I know Oprah ran an update story on puppymills yesterday. As we all know how terrible and heartbreaking this is, there is a link I have provided from Oprah's web page that can help us encourage our individual state legislators to support this bill. Thanks for checking it out and email/call your local goverment today.

http://www2.oprah.com/tows/pastshows/20080...0507_penn.jhtml 
or go to oprah.com and follow puppy mill story

Thank you!
Misty


----------



## Max & Rocky (May 20, 2004)

Visit rescue sites on the web (breed rescue or otherwise), buy from them, contribute money to them when you can, volunteer to help a rescue in any way you can, tell your friends and family about these rescue places if they are dog lovers and perhaps get them involved in doing these things, etc...

I am sure someone who has had their coffee could think of other ideas but this is a start.
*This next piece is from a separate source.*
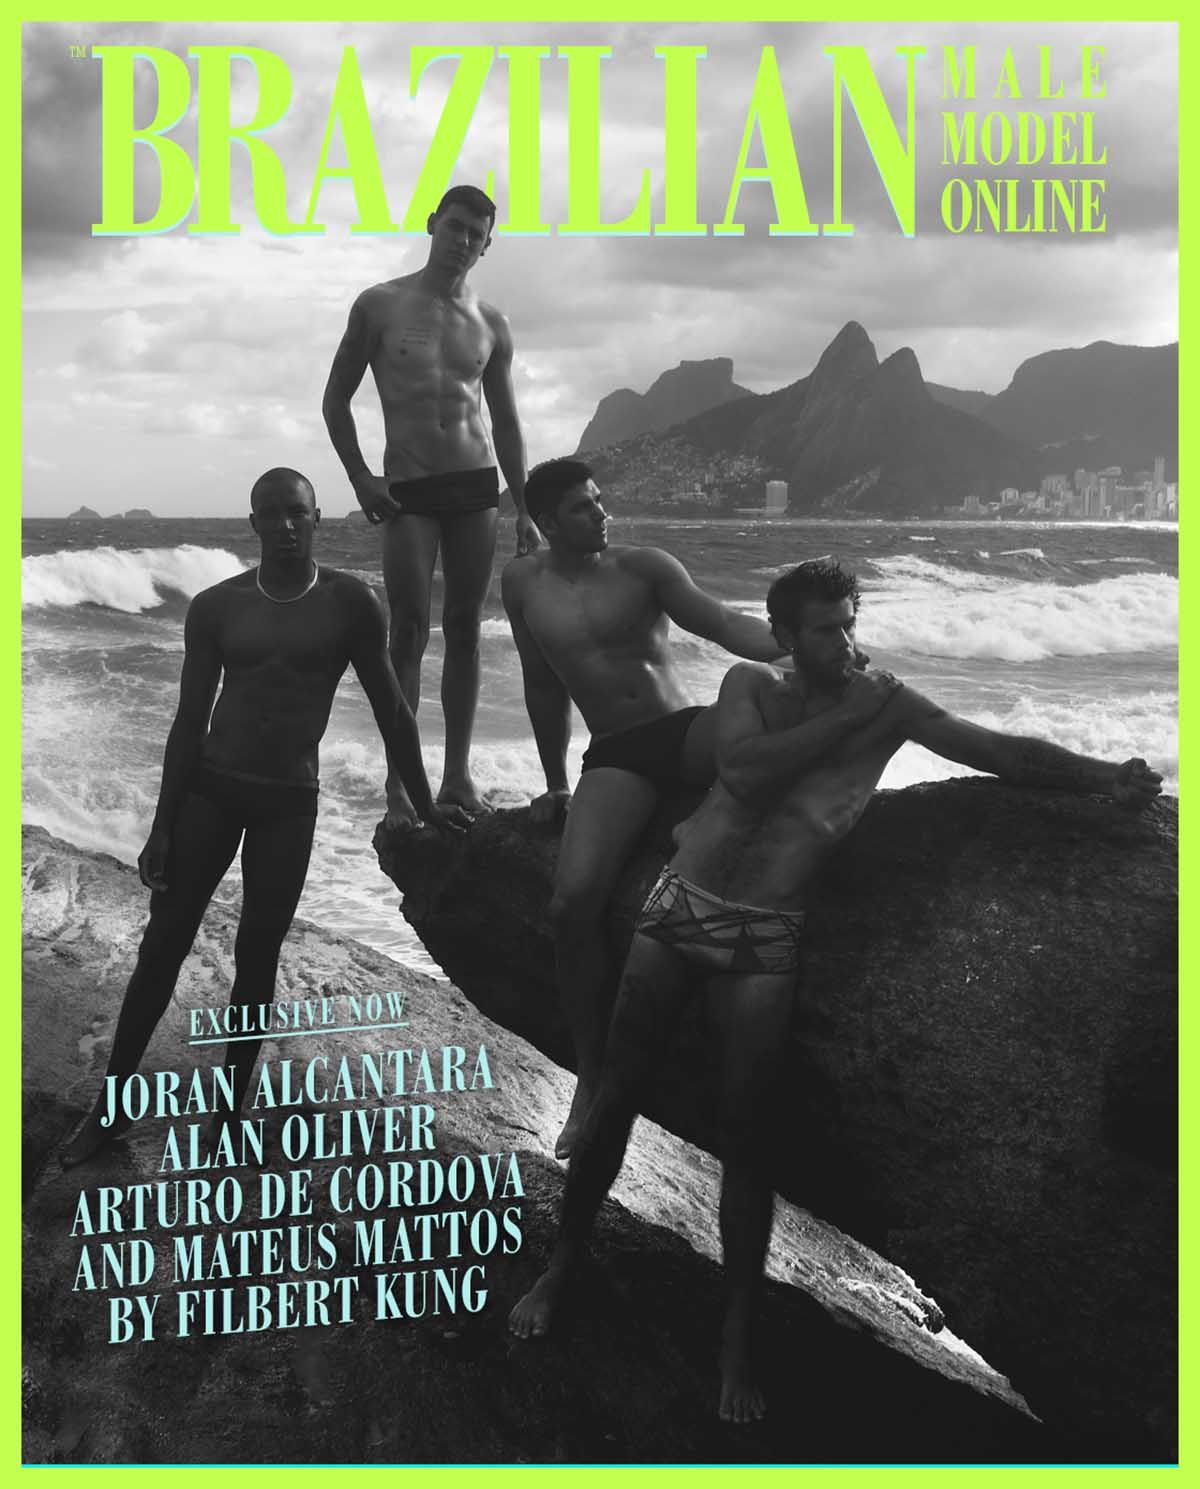 Joran Alcantara, Alan Oliver, Arturo de Cordova and Mateus Mattos by Filbert Kung
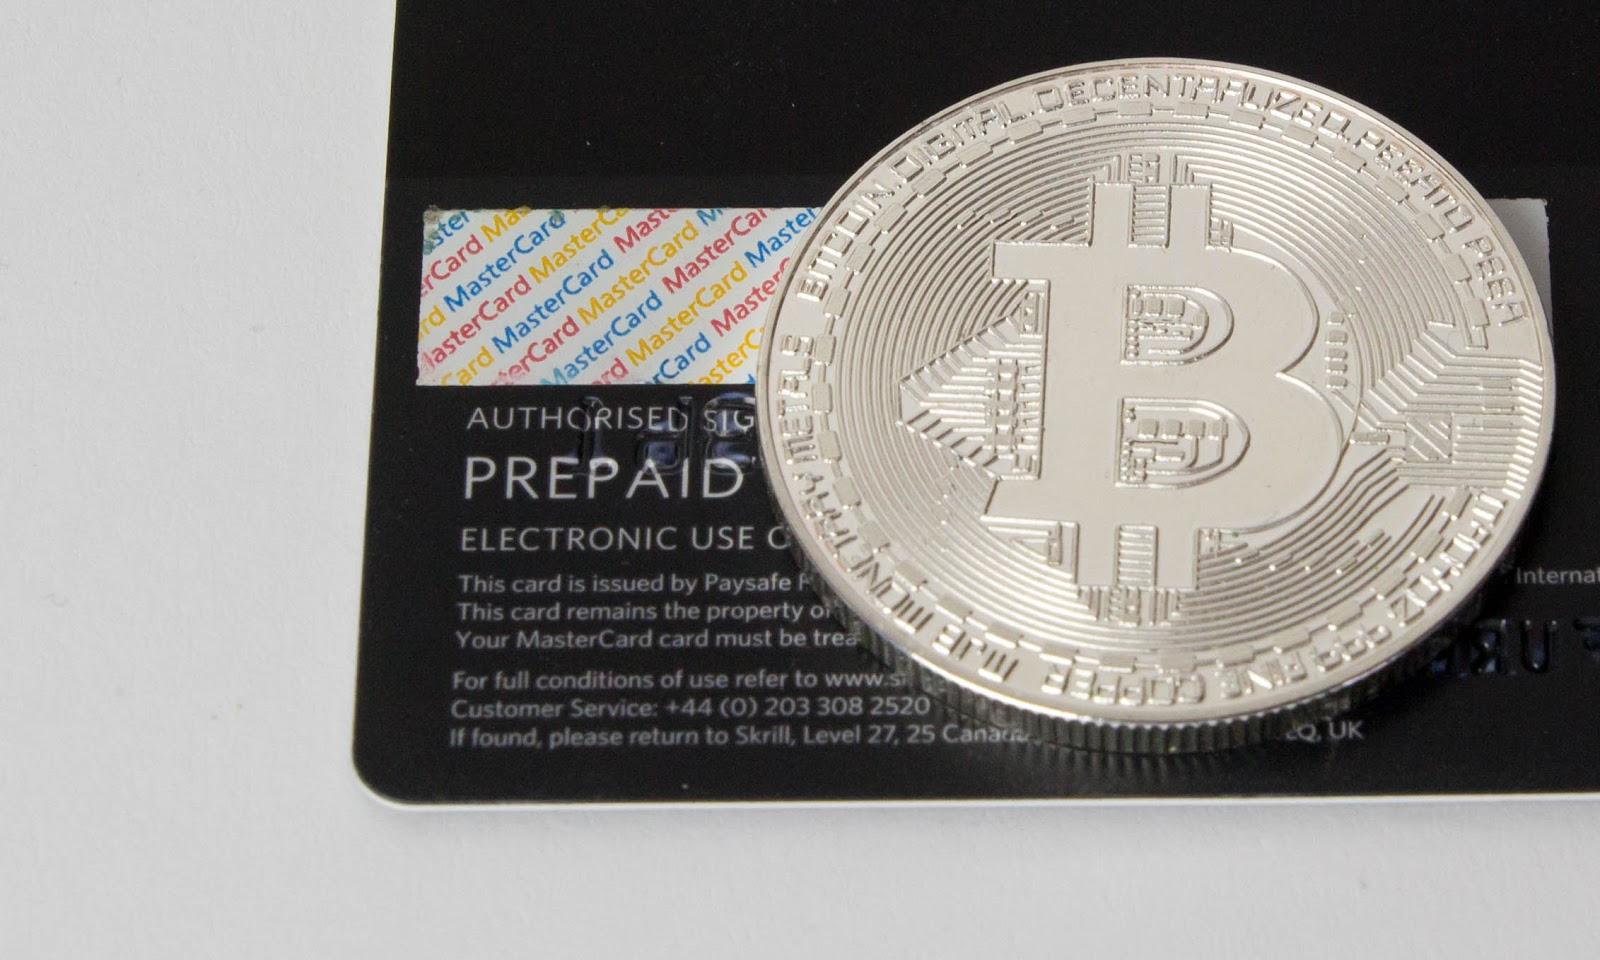 Acheter des bitcoins avec paysafecard prepaid patriots point differential betting

http://malteserescue.homestead.com/


----------



## KAG (Jun 1, 2006)

> Visit rescue sites on the web (breed rescue or otherwise), buy from them, contribute money to them when you can, volunteer to help a rescue in any way you can, tell your friends and family about these rescue places if they are dog lovers and perhaps get them involved in doing these things, etc...
> 
> I am sure someone who has had their coffee could think of other ideas but this is a start.
> 
> http://malteserescue.homestead.com/[/B]



Steve,
This is why I love you. You and Peg are the best!
xoxoxo


----------